OTL-200 for Metachromatic Leukodystrophy Investigational New Drug Application Gets Approved

 

In a recent press release, gene therapy company Orchard Therapeutics (“Orchard”) announced that the FDA approved Orchard’s Investigational New Drug (IND) application for OTL-200. This gene therapy solution is designed for patients with metachromatic leukodystrophy (MLD). Because the FDA approved the IND, Orchard can now hold clinical trials and administer this investigational treatment to humans.

OTL-200

Over the years, Orchard has worked to create targeted gene therapy solutions for patients with rare diseases. The company uses an ex vivo model, meaning that cells are genetically modified outside of the body before being administered. This is in contrast to in vivo models, which modify the cells in the body.

In this case, OTL-200 is an autologous, hematopoietic stem cell (HSTC), lentiviral vector gene therapy. Let’s break that down a little:

  • Autologous means that it uses cells or tissues from the same person. In this case, HSTCs are sourced from the patient themselves. Next, OTL-200 inserts a working copy of the mutated or defective gene before the cells are transplanted back in the body.
  • Hematopoietic stem cells help produce and develop healthy blood cells.
  • Lentiviral vectors, as described by GeneTherapyNet, are:

a genus of the Retroviridae family, characterized by a long incubation period. Lentiviruses can deliver a significant amount of genetic information into the DNA of the host cell, so they are one of the most efficient methods of gene delivery vector.

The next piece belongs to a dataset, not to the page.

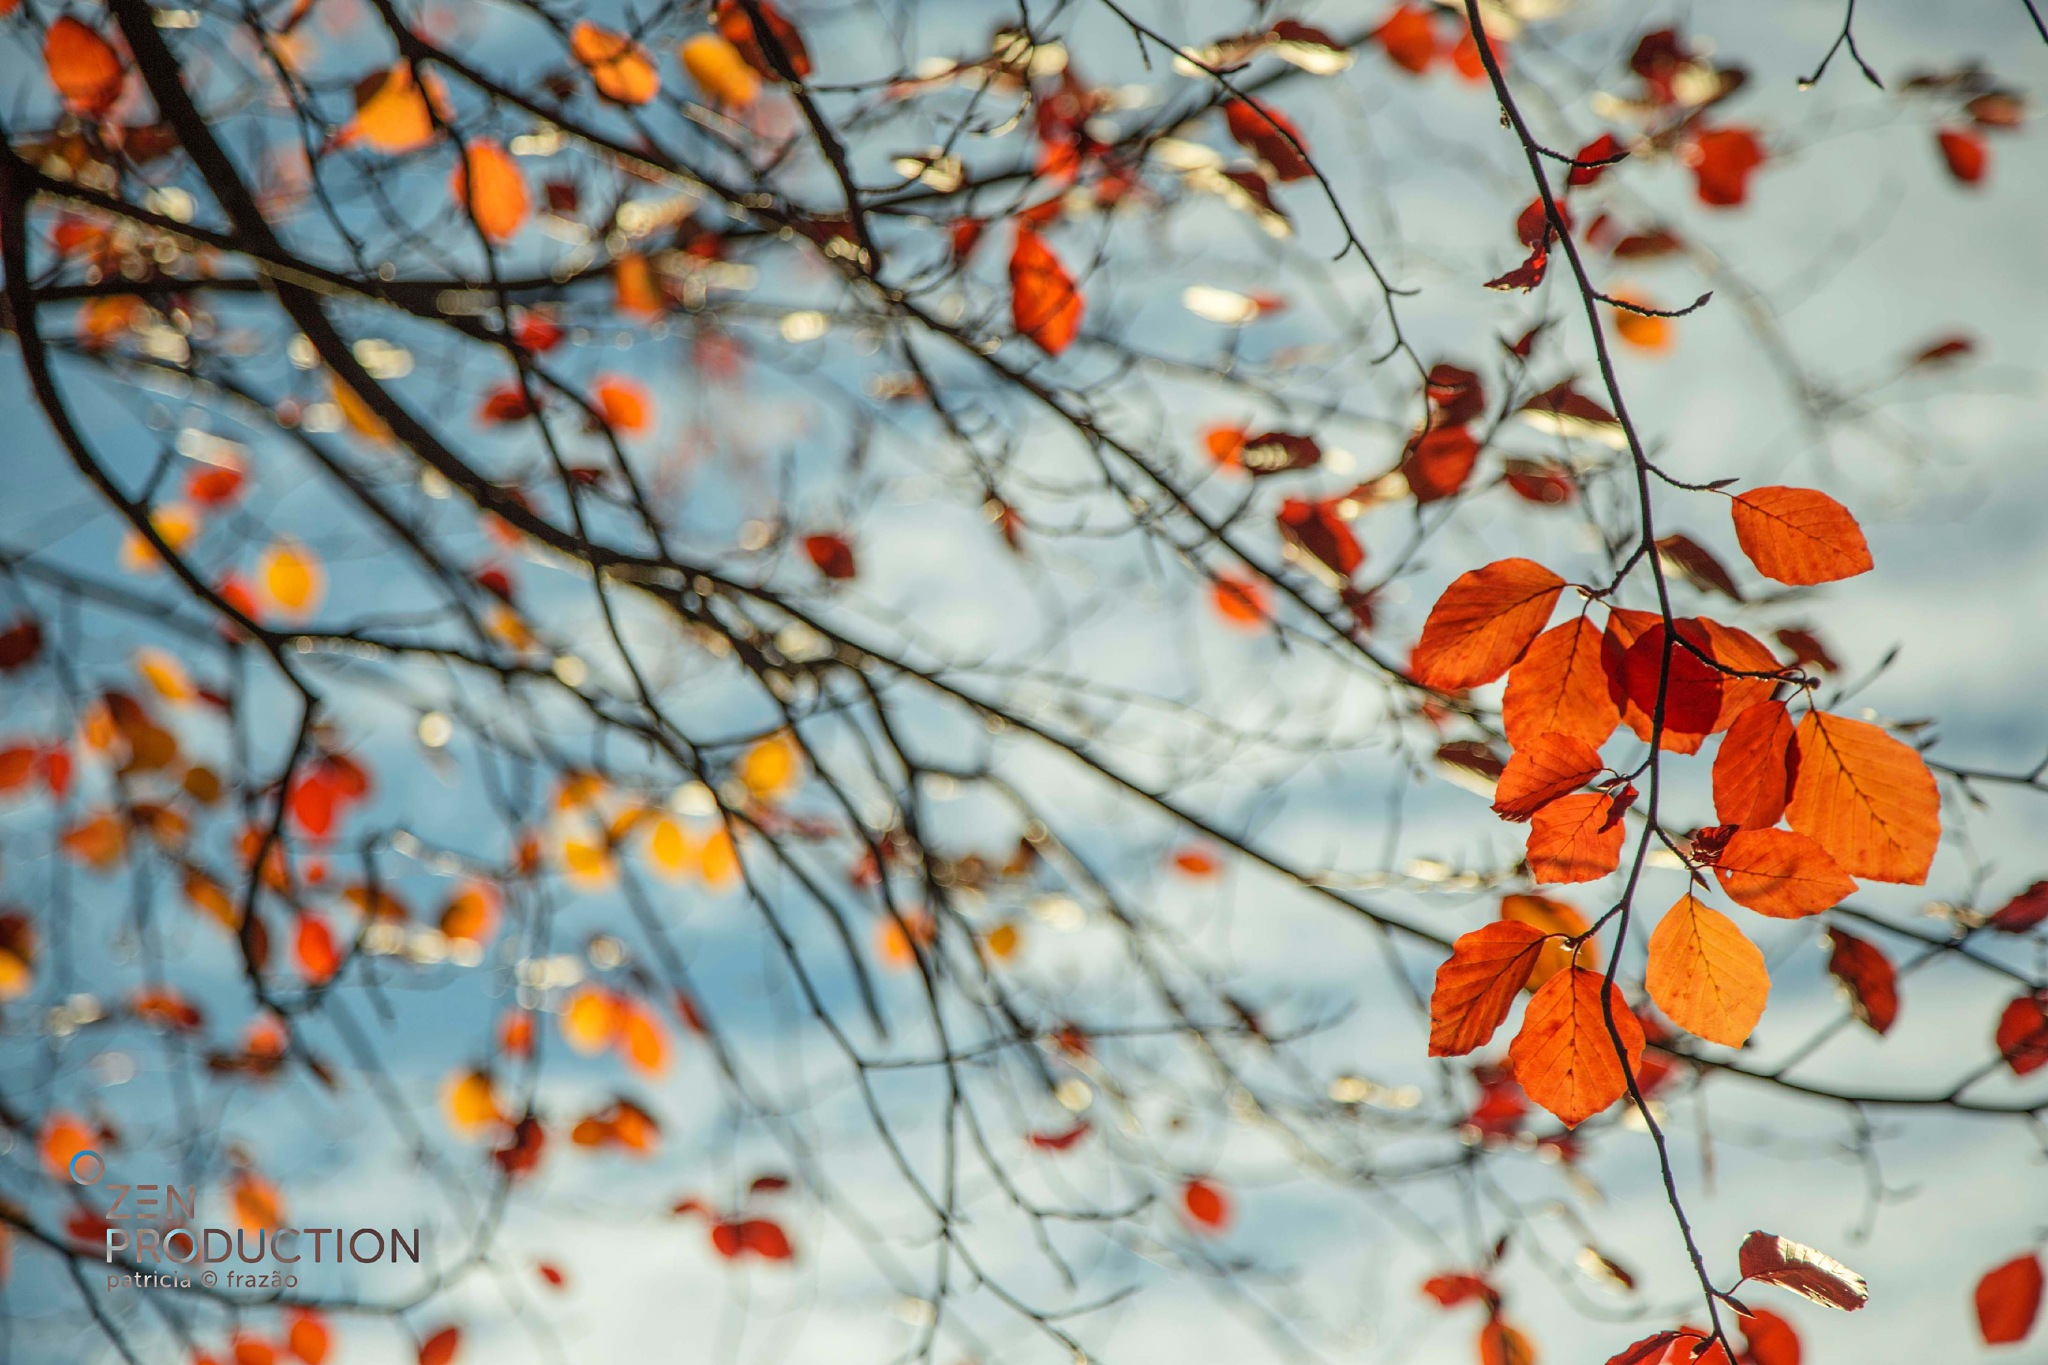 The end of Fall by Patricia Frazão

So, in short, OTL-200 uses lentiviral vectors to deliver functional genes to patients using their own HSTCs. Orchard included data sourced from 39 patients in the IND. Additionally, Orchard applied for Regenerative Medicine Advanced Therapy designation, but this has not yet been approved.

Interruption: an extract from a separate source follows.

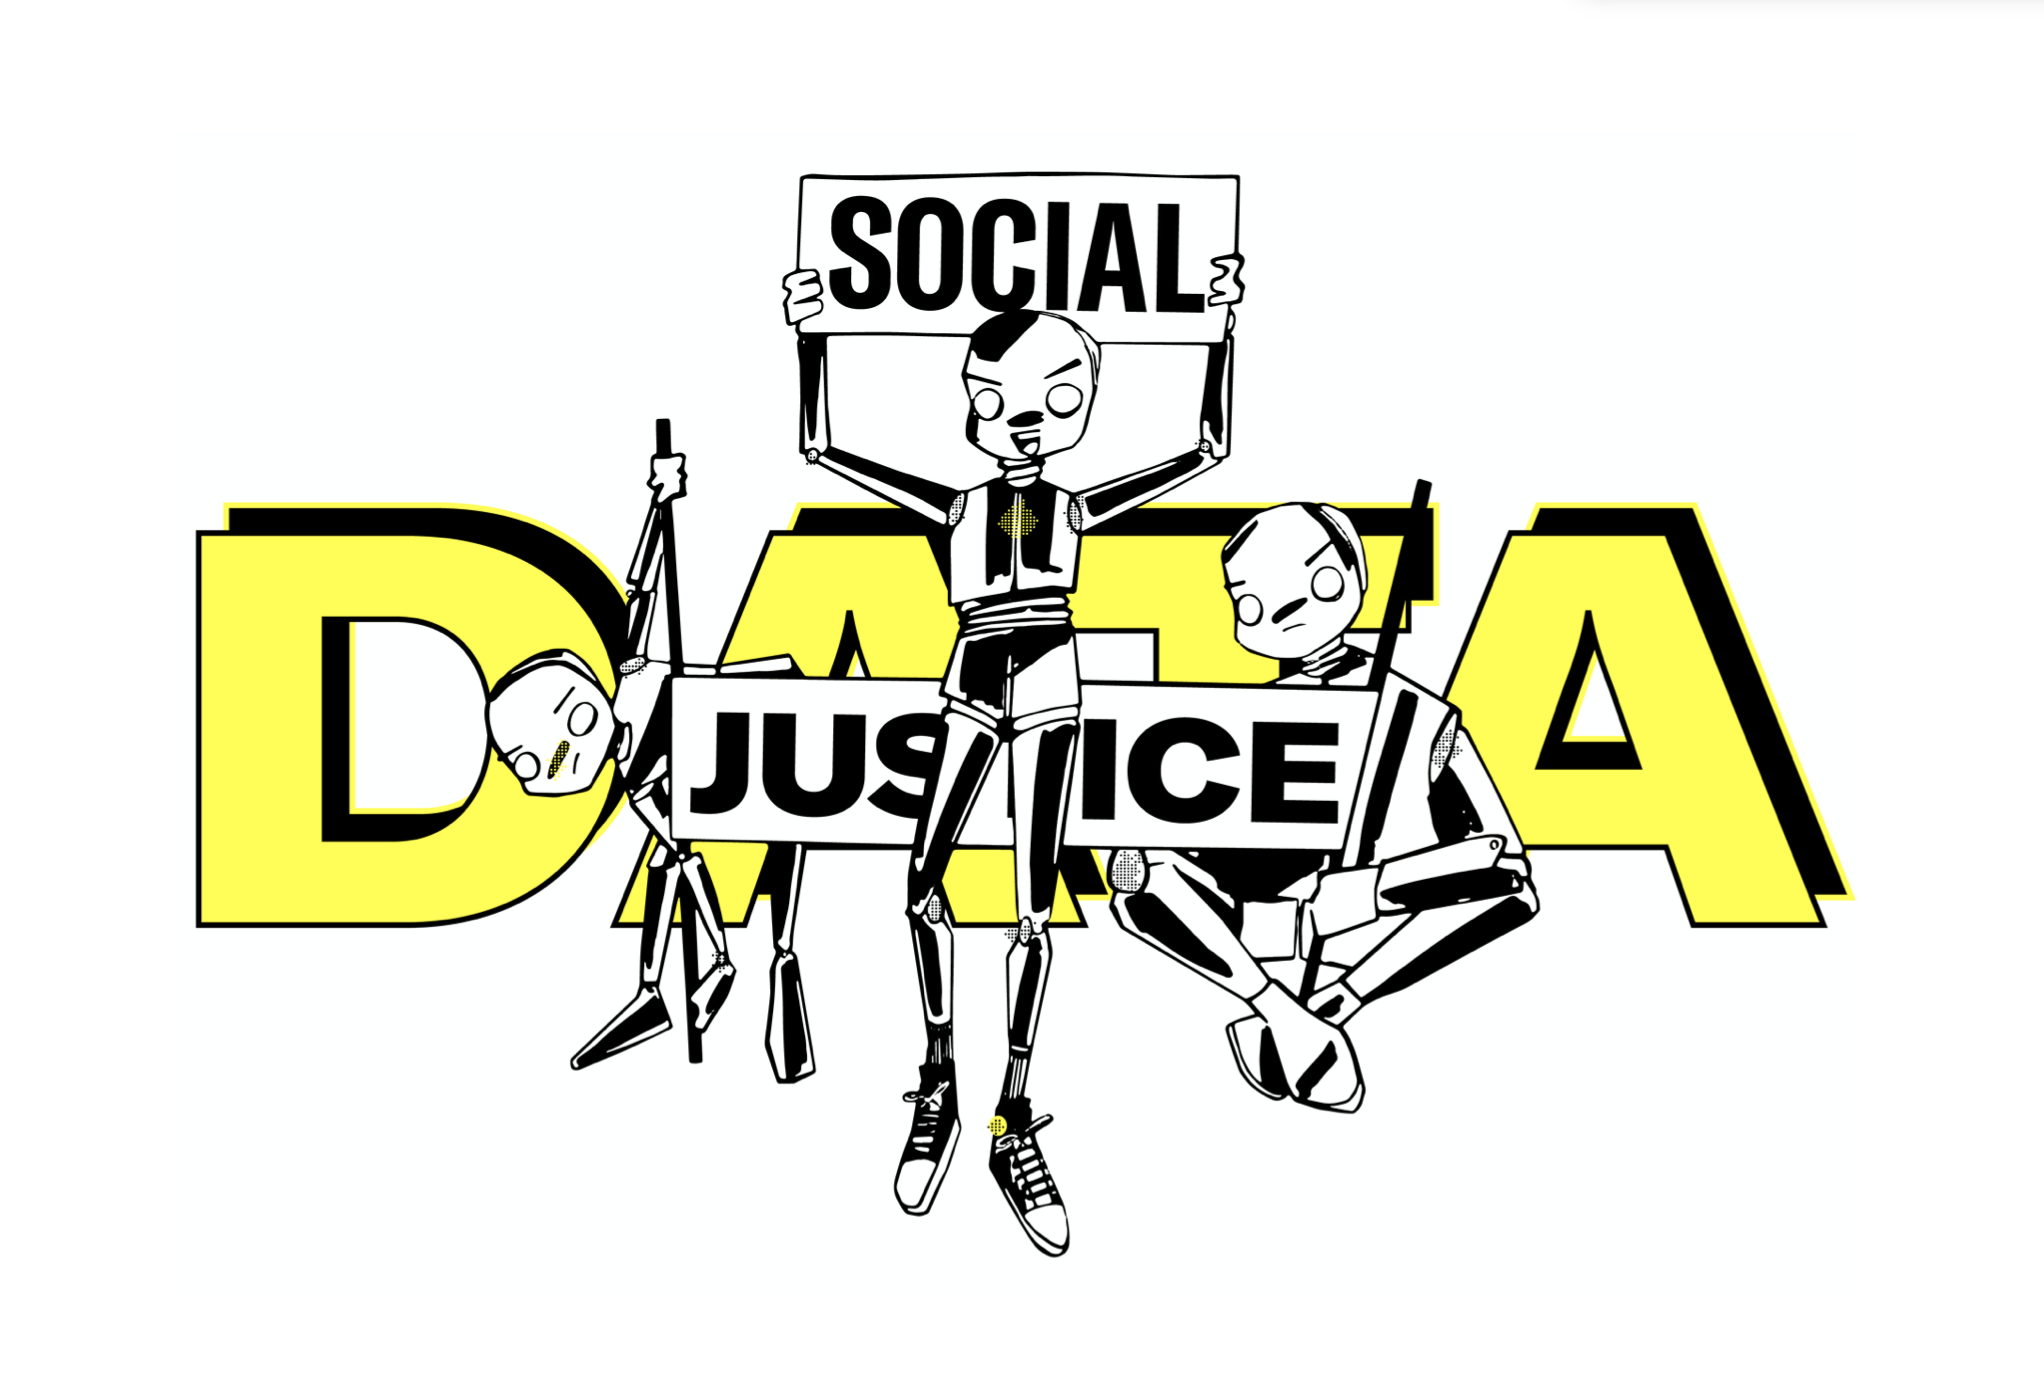 Guidebook Data Literacy Tools - DJL

Metachromatic Leukodystrophy (MLD)

Overall, metachromatic leukodystrophy (MLD) exists under the umbrella of leukodystrophy, groups of progressive central nervous system (CNS) disorders characterized by the destruction of the myelin sheath. Normally, the myelin sheath acts as a protective coating for nerve cells. But patients with metachromatic leukodystrophy experience destruction of this myelin sheath, exposing and damaging nerve cells. Typically, this disorder is caused by ARSA gene mutations. However, in rarer cases, a PSAP gene mutation may cause symptoms.

There are three main forms of metachromatic leukodystrophy: late-infantile, juvenile, and adult. Late-infantile is the most common form of the disorder. Around 50% of all diagnoses fit into this category. Typically, this form is fatal within 5 years for about half of all patients. Next, the juvenile form consists of around 20-30% of all diagnoses. Symptoms of juvenile metachromatic leukodystrophy typically occur between ages 4 and 14. It is typically fatal within 10 years for 44% of patients. Finally, the adult form is the least common.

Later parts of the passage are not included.